[ASSIGNMENT]
The full listing, written out exactly and without images, is the expected result.

[STORED DATA]
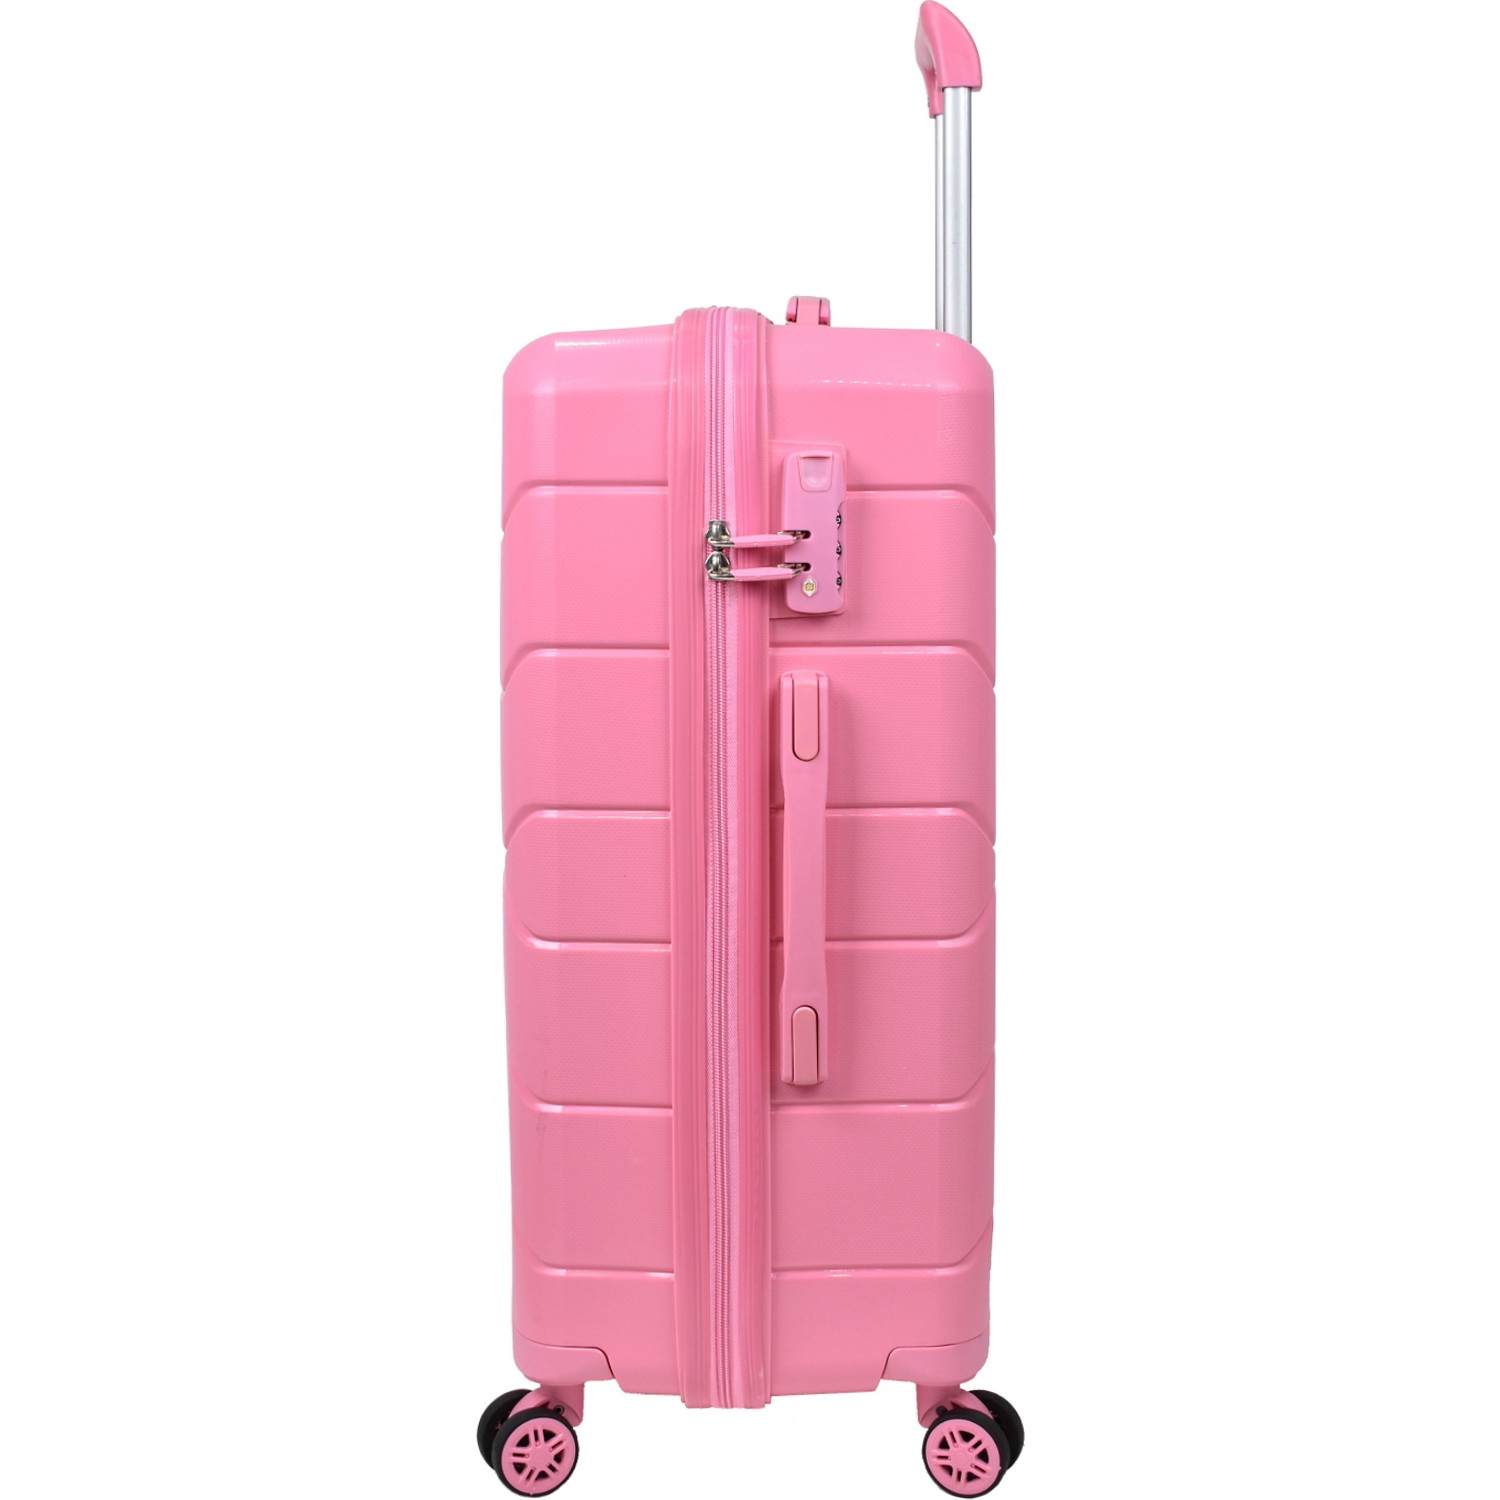 Средний чемодан из полипропилена MCS V366 M PINK! Для 18 кг! - 4
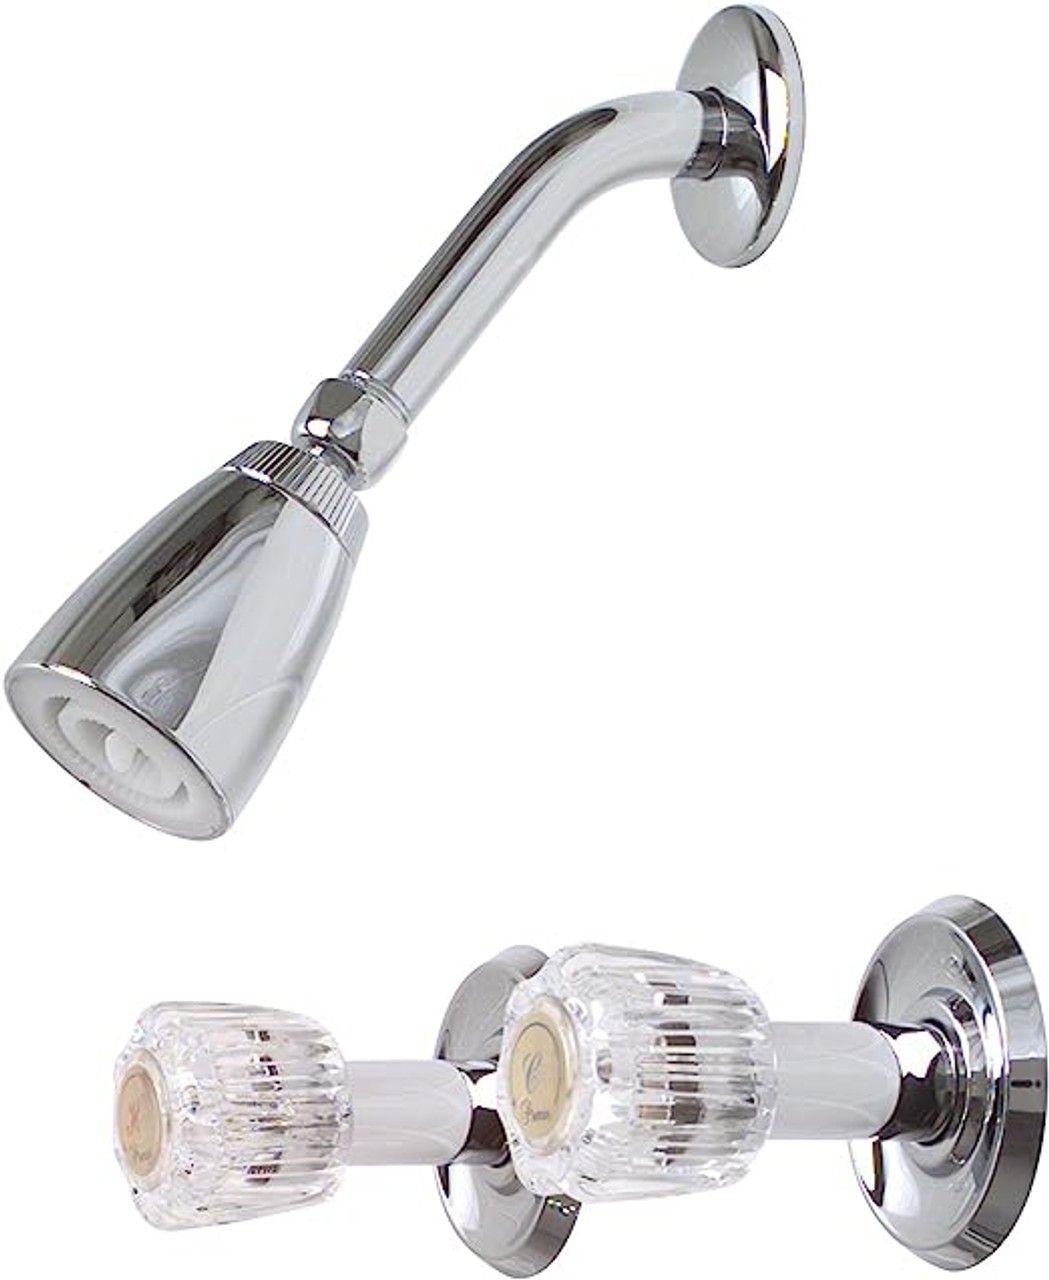 Premier 2012062 Concord Two-Handle Shower Faucet, Chrome
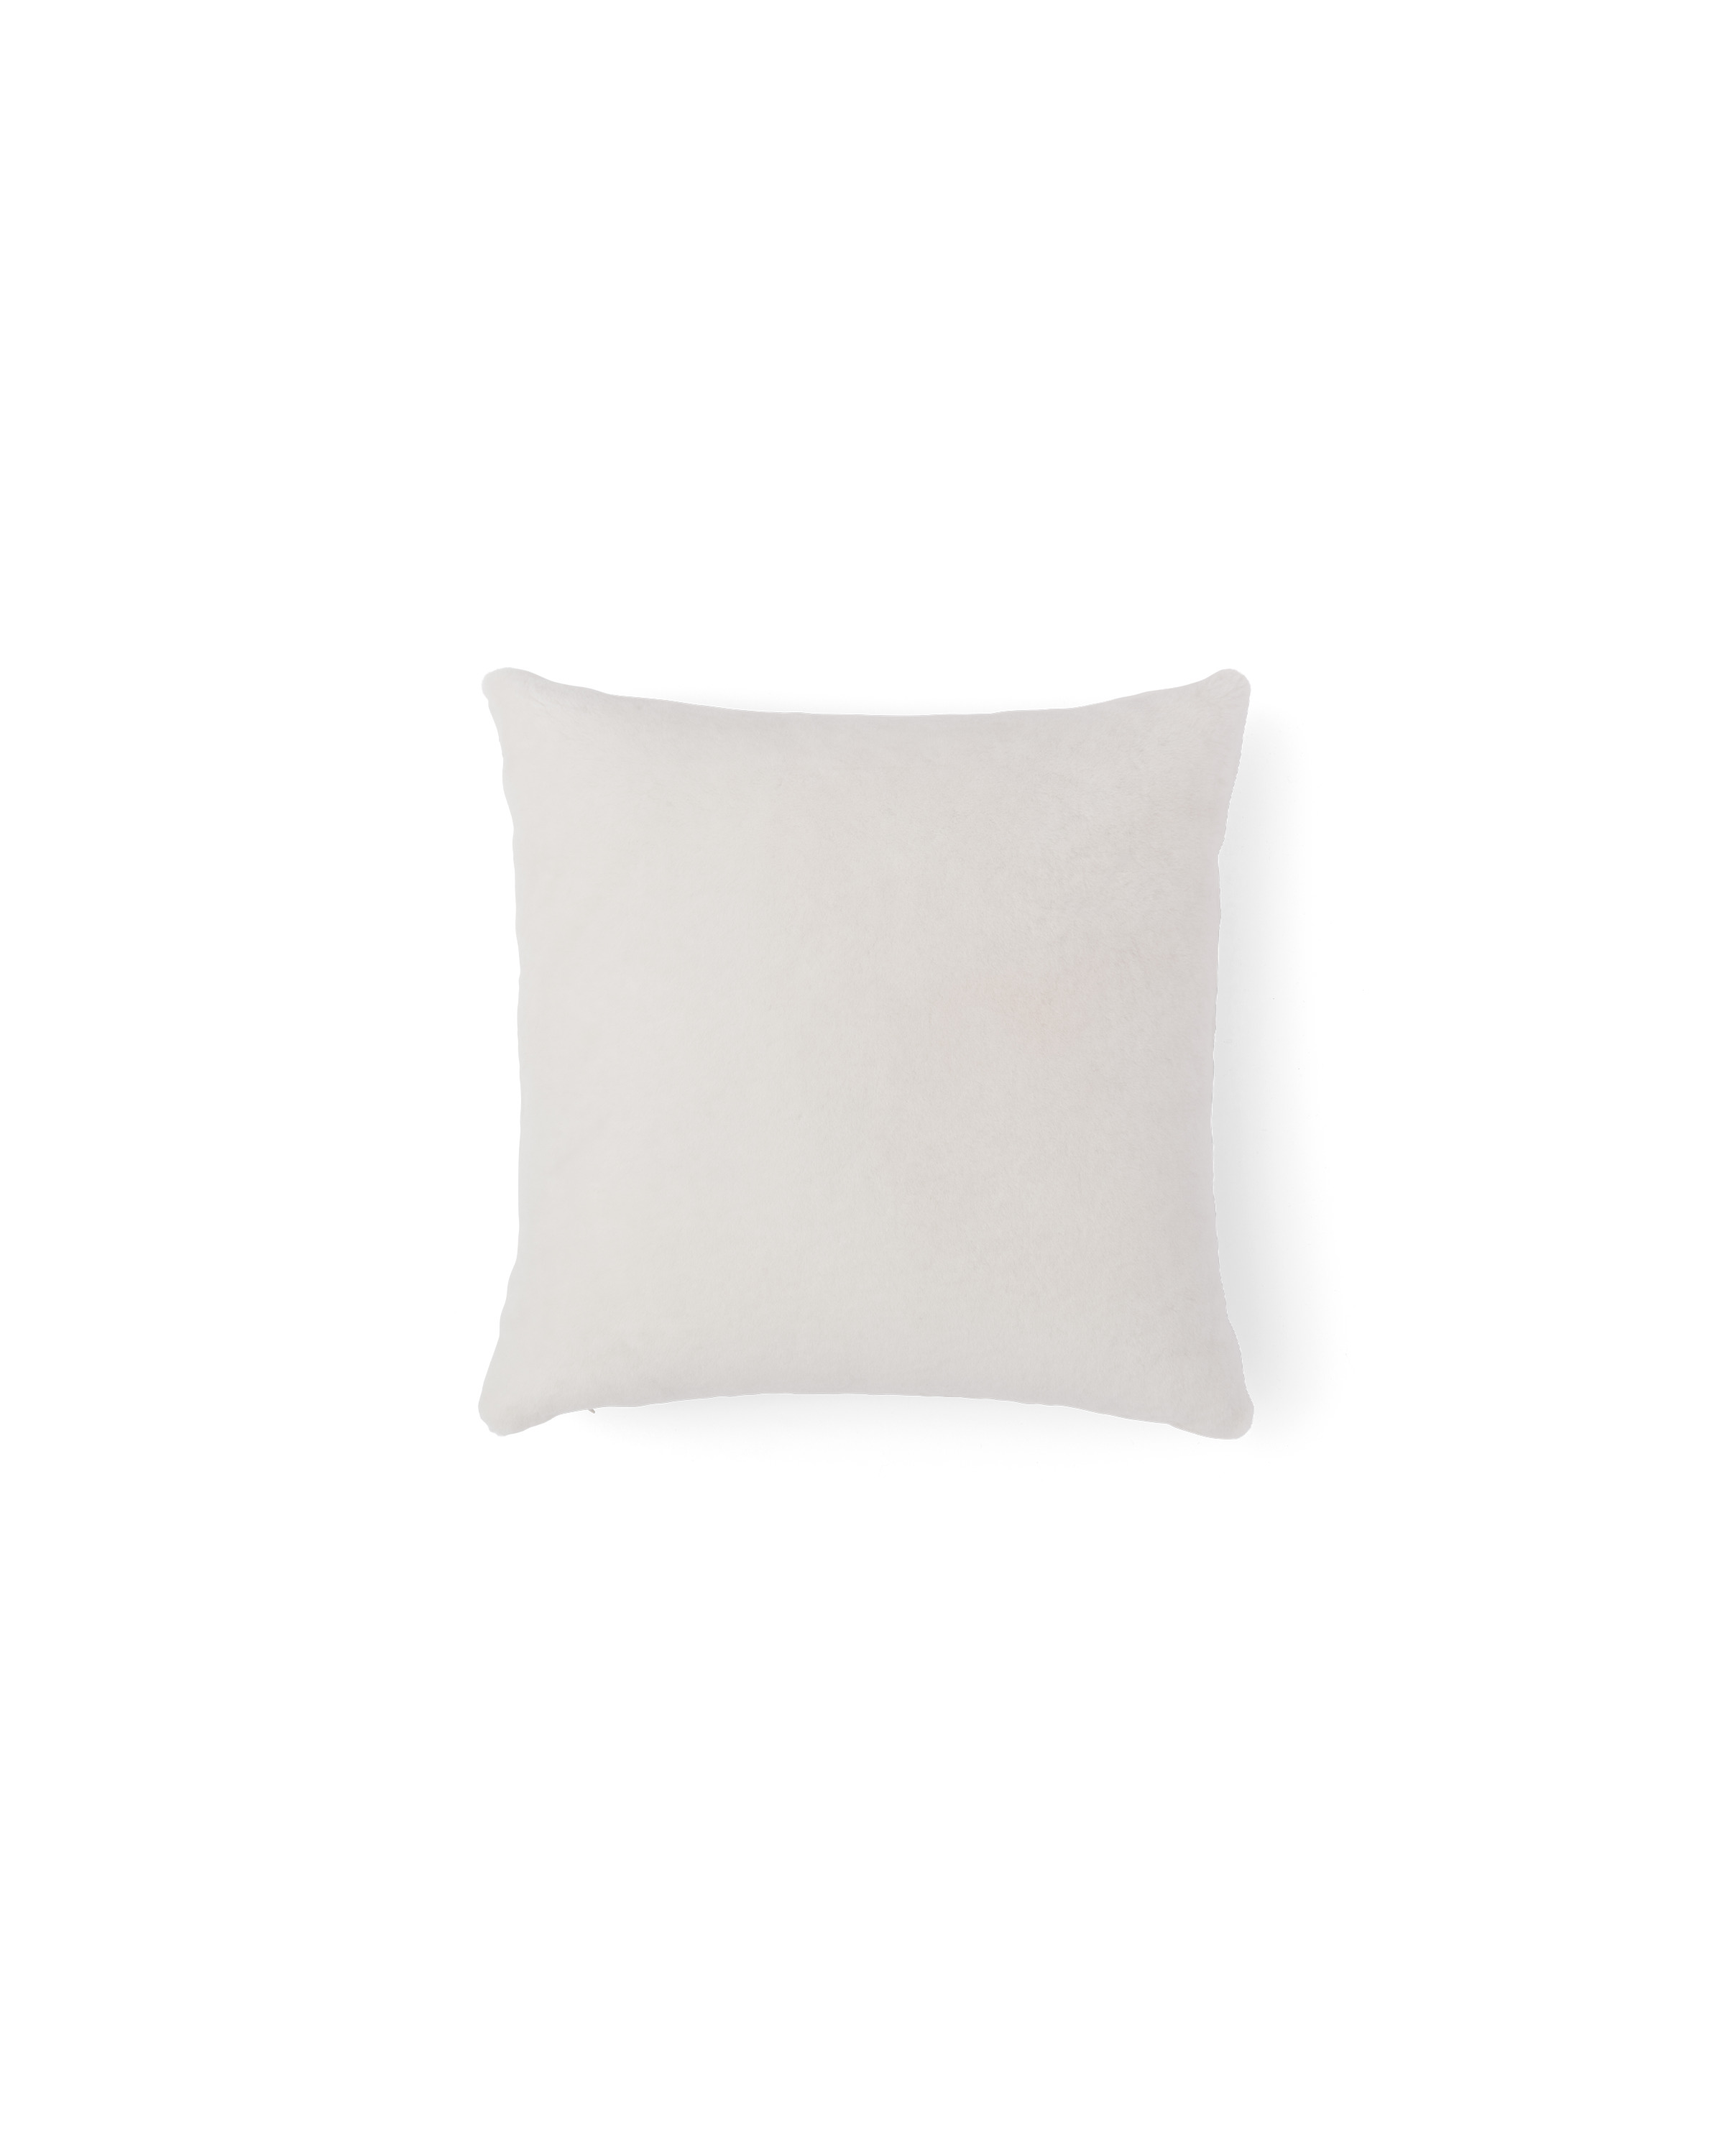 Sheepskin pillow - 3

[RESULT OF THE EXERCISE]
 Средний чемодан из полипропилена MCS V366 M PINK! Для 18 кг! - 4
 Premier 2012062 Concord Two-Handle Shower Faucet, Chrome
 Sheepskin pillow - 3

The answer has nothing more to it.